Dubin, 69, could fairly be called a fitness fanatic. Before he got sick, his exercise routine consisted of a five-day-a-week, 5:50 a.m. regimen called the Sergeant’s Program, where he and a class of others ran, lifted weights, and did push-ups, pull-ups and dips. Some days, he also swam. On the weekends, he ran. He was only able to resume running in March 2009 and the Sergeant’s Program in July. His goal is to be in shape to run the Army Ten-Miler race in Washington next October.
While he was in the hospital, his officemates found his calendar and started making calls to get postponements. If a client arrived for an appointment, one of the other lawyers handled the visit. Dubin said he didn’t have the strength to worry about work.
“I wasn’t thinking about the office,” he said. “I was thinking about breathing.”
Aside from one judge, who wanted the equivalent of “a note from my mom,”
judges, clients and other lawyers understood, Dubin said.
“Nobody was pissed,” he said. “Nobody was angry. People get sick. [It] happens.”
It happened to Laurie Filippi in 1998, when she found a lump in her leg. While it turned out to be benign, she was laid up for weeks with two surgeries. She wound up working from her couch in an ankle-to-hip cast, then having her secretary’s husband ferry her back and forth to the office for a few hours each day.
But her clients and opposing counsel understood her situation, and she says other Baltimore County lawyers volunteered to help her keep the practice afloat while she was recuperating.

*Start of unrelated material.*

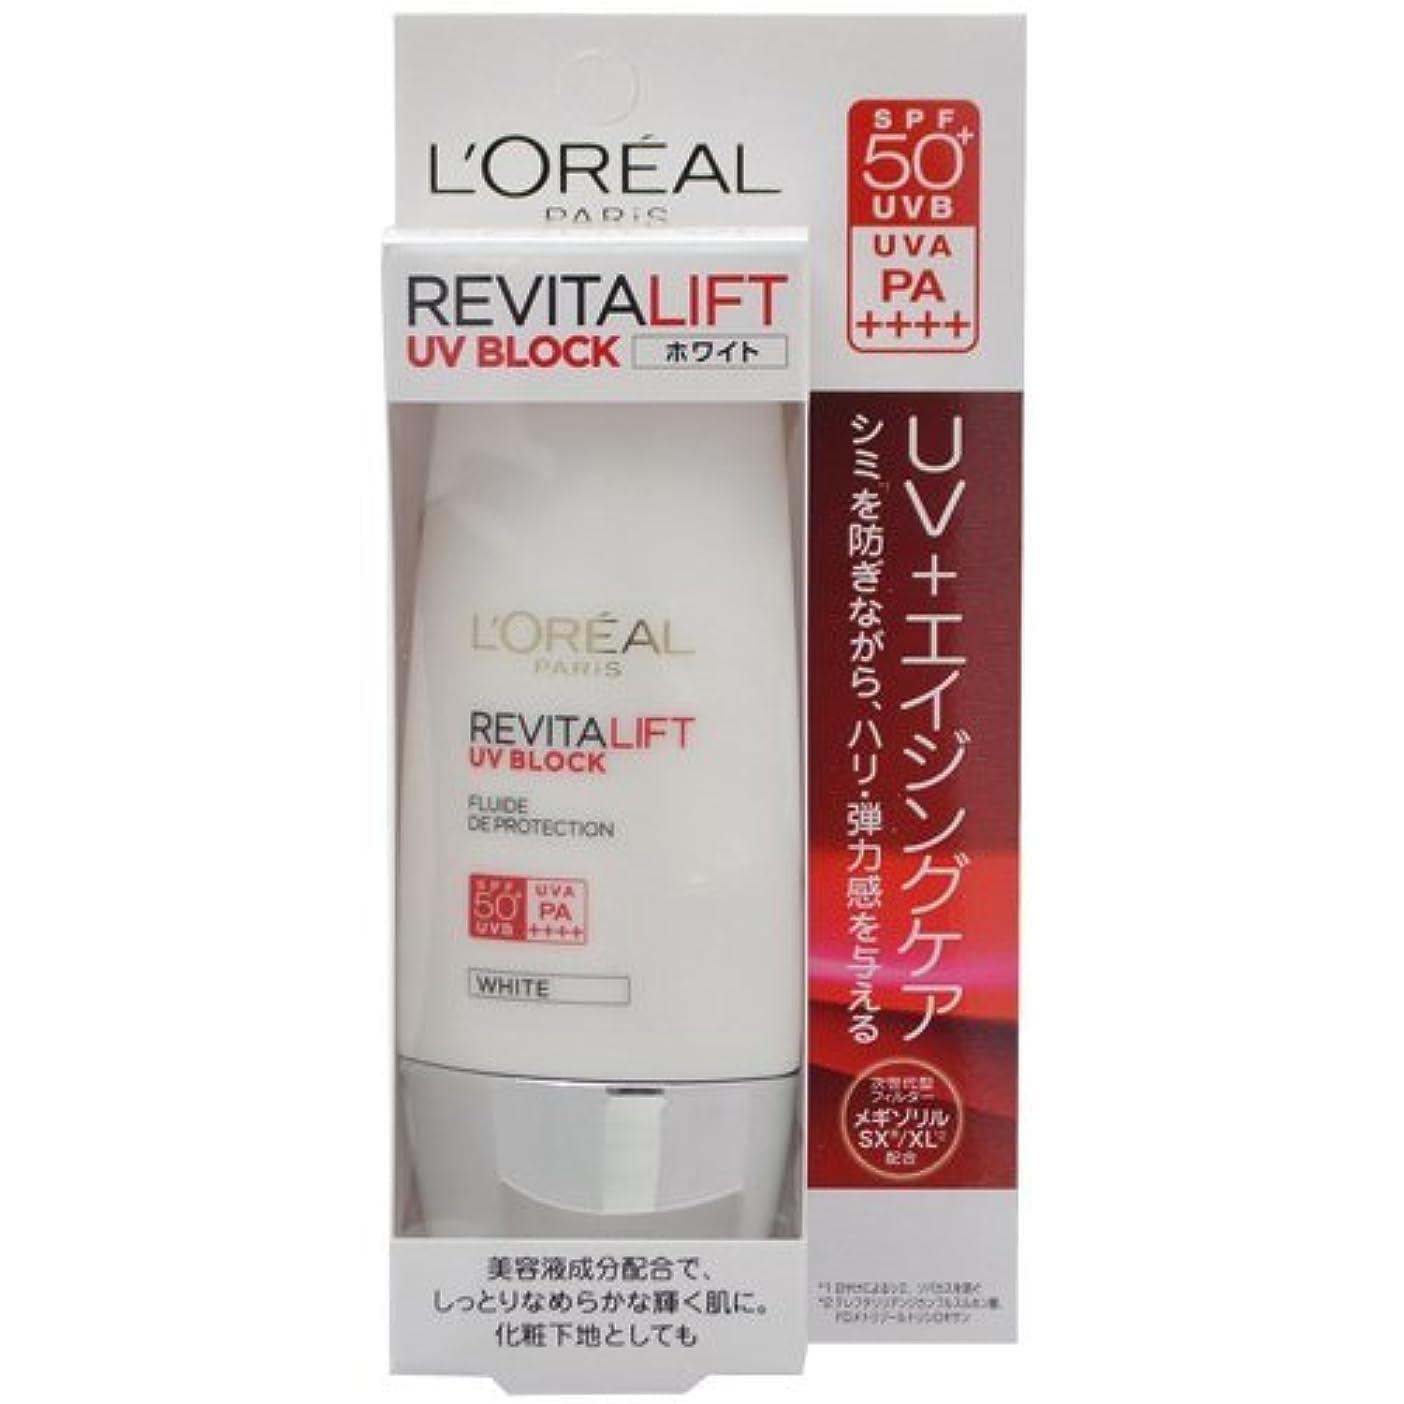 契約する契約する疑問を超えてロレアル パリ リバイタルリフト UV ブロック ホワイト 日やけ止め乳液 メイクアップベース (30g) SPF50+ PA++++
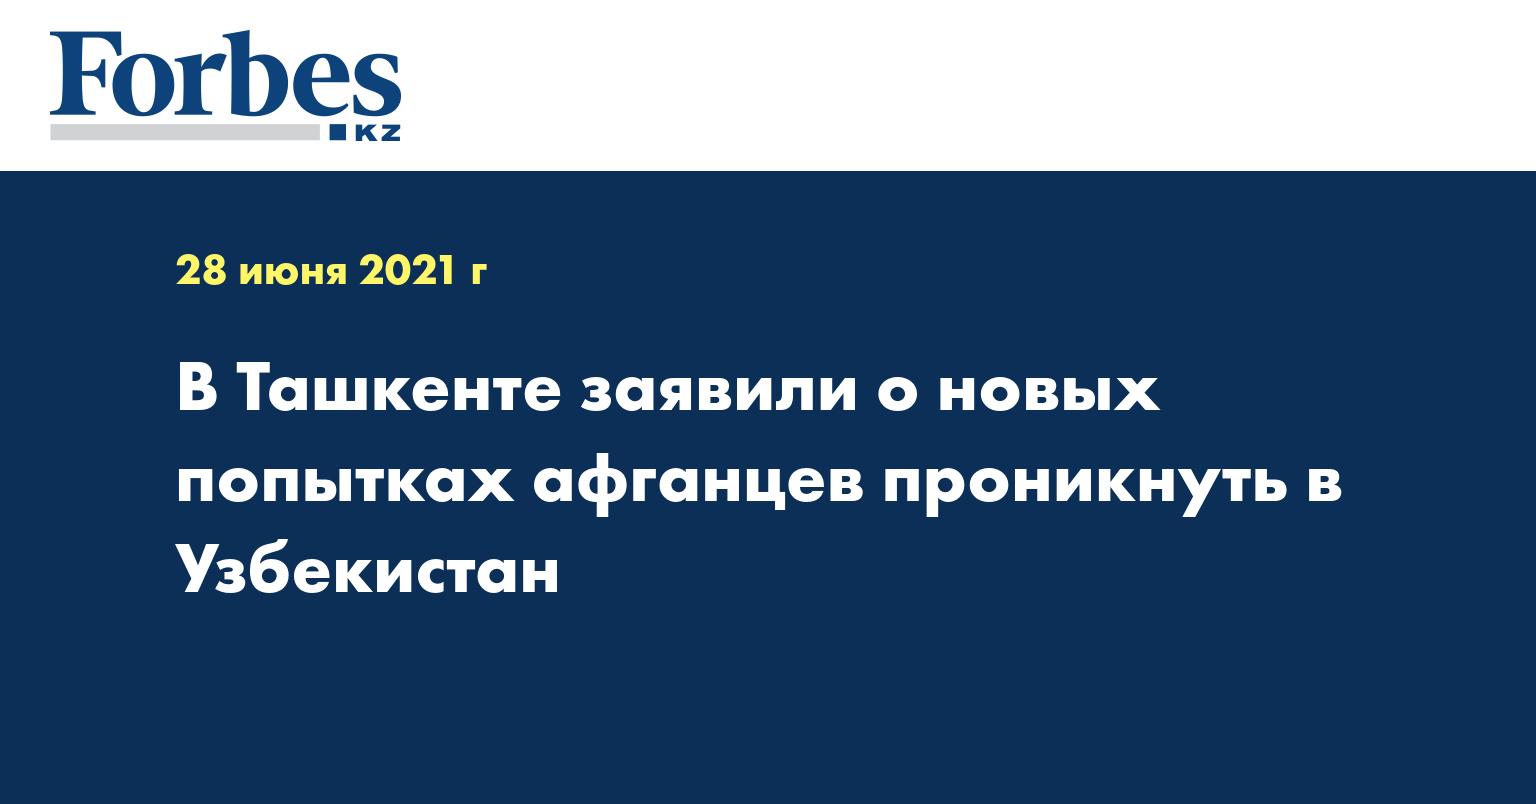 В Ташкенте заявили о новых попытках афганцев проникнуть в Узбекистан

Stuart Schadt, a solo who practices mainly criminal defense, juvenile and civil litigation, reported a similar experience with the Towson bar. In May 2004, he started having neck pain but attributed it to having to keep his arms still when his newborn son fell asleep in them.

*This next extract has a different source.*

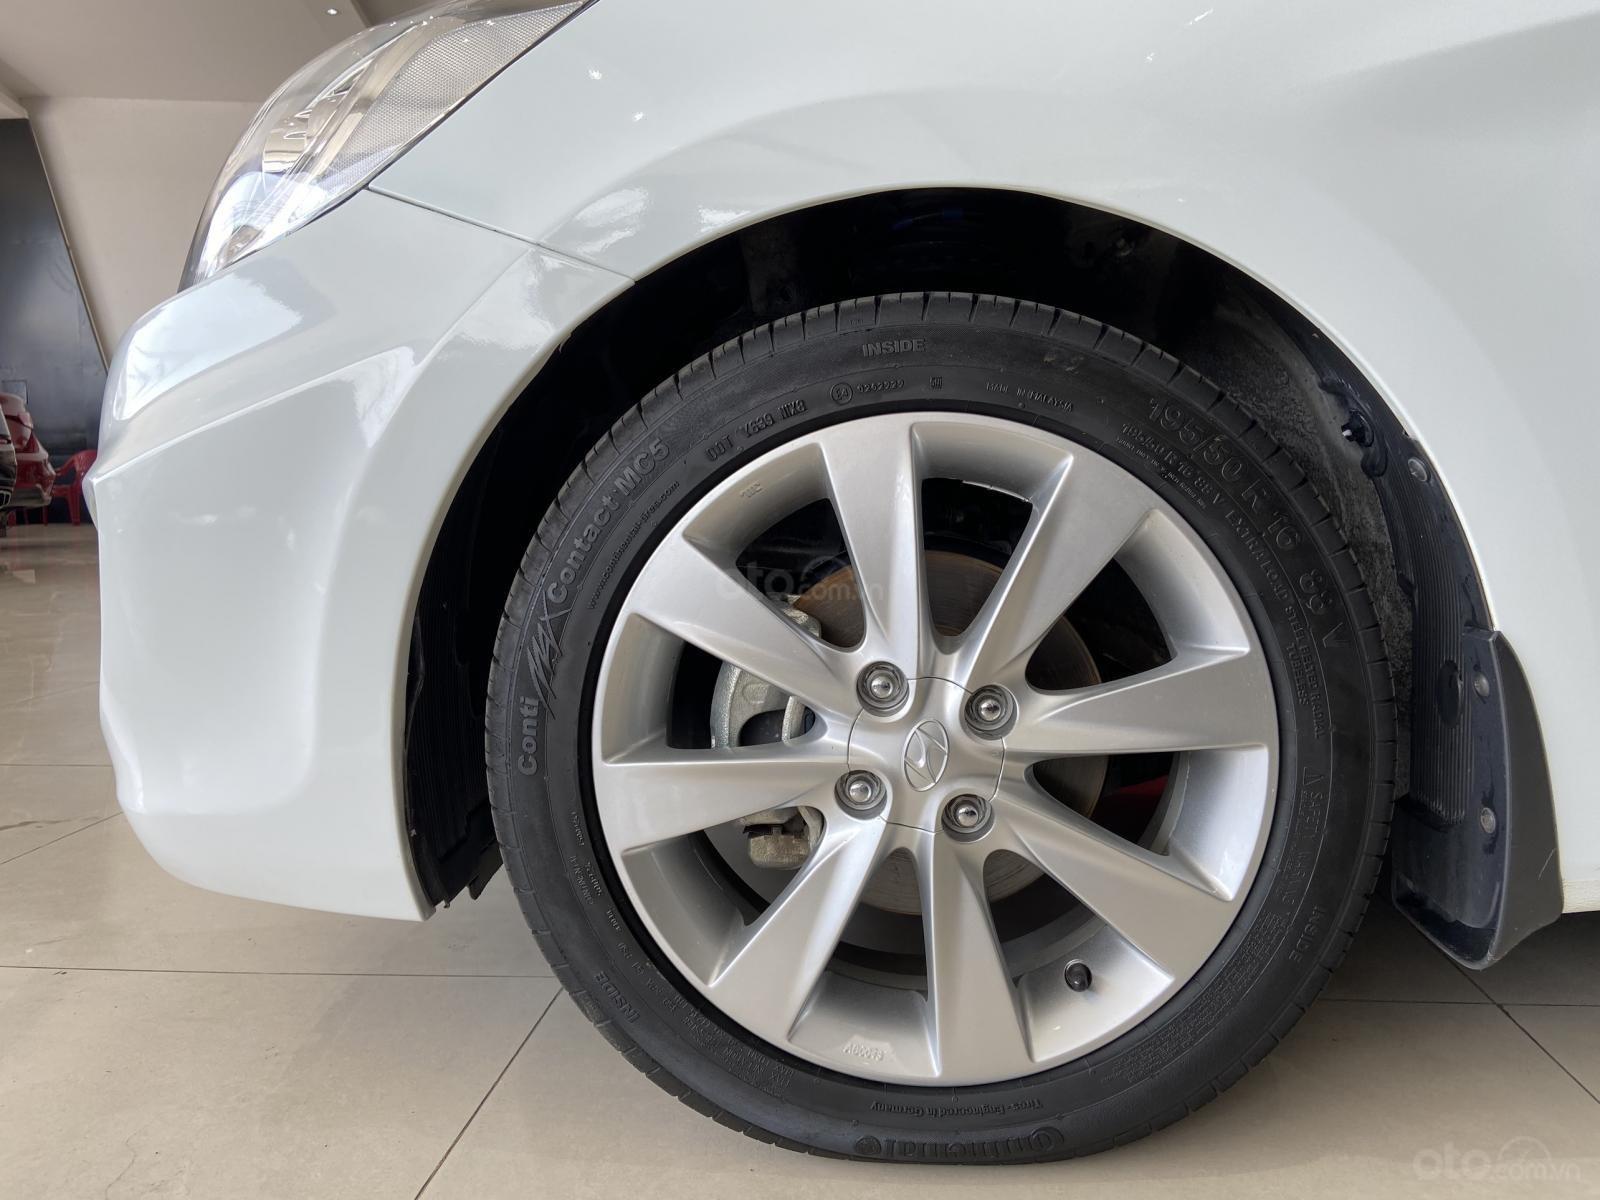 Bán xe Hyundai Accent màu trắng, xe gia đình nên đẹp như mới (14)

It turned out that he had a herniated disc that required surgery — twice — and he was “completely incapacitated for a couple of months” after each of them.

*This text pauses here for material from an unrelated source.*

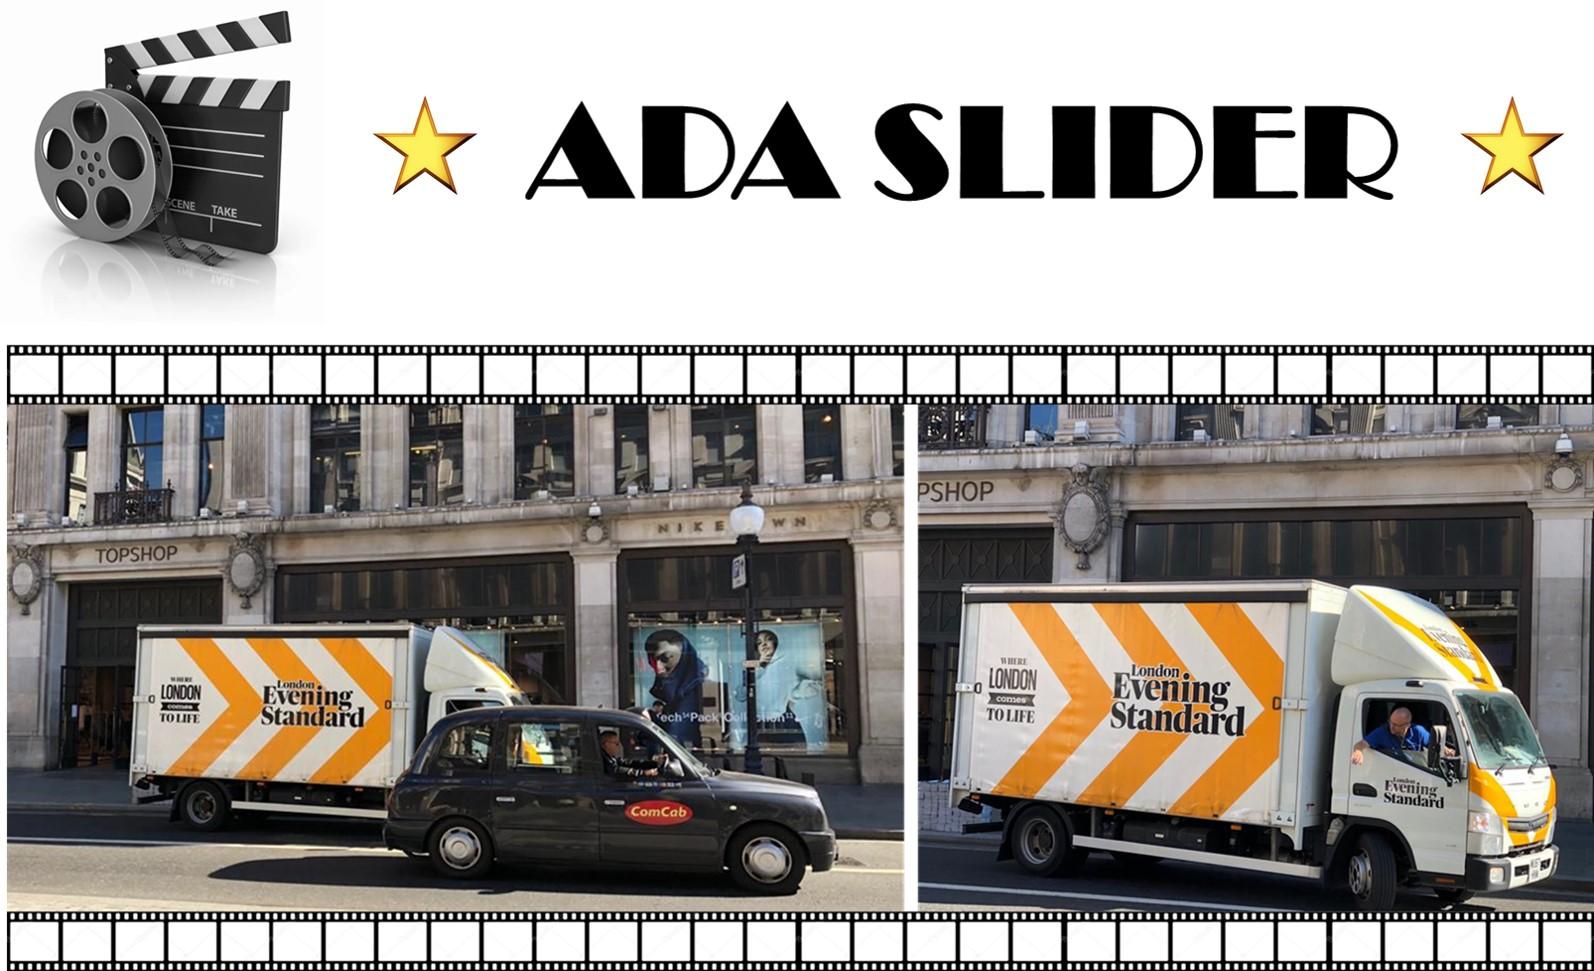 Unser ADA-SLIDER fährt mit seiner UNAUFHALTBAREN ENTWICKLUNG fort

“But just being out here, I found how accepting the other members of the bar were, the judges [too],” Schadt said. “No one gave me a hard time [or said] ‘Why don’t you find someone else to handle your case.’ ”
Worst-case scenario
While Schadt survived his downtime with his finances relatively unscathed, both he and Filippi say they were lucky.
Washington, D.C., lawyer Joseph Conte can testify to the worst-case scenario when a solo gets sick. He shared an office with his close friend Jensen Barber, a criminal defense solo who often practiced in Maryland.
On Aug. 4, Barber was hospitalized with an infection. Five weeks later, he died.
Conte is now going through Barber’s files and notifying clients of his passing. He
has also been working t pack up Barber’s office.
Conte cannot get involved in anything regarding money, though. The personal representative of Barber’s estate will have to sort out which clients should get some or all of their money back and which clients or government agencies — Barber did a lot of court-appointed work — owe money to the estate. That will not be easy.
“We can’t find any of his billing records,” Conte said.
Also, “He was working on several huge cases and I don’t think he ever submitted vouchers to the court system,” he said.
An extra wrinkle: The lease for the office that Barber shared with Conte and four other solos was in Barber’s name.
And Conte has no idea what to do with Barber’s old files. He can send some back to clients, but many of Barber’s clients are in prison and have nowhere to put the files.
Barber’s untimely death and the fallout have led Conte and his officemates to start sharing more information about their practices with each other, he said.
“It made us all think about it,” he said.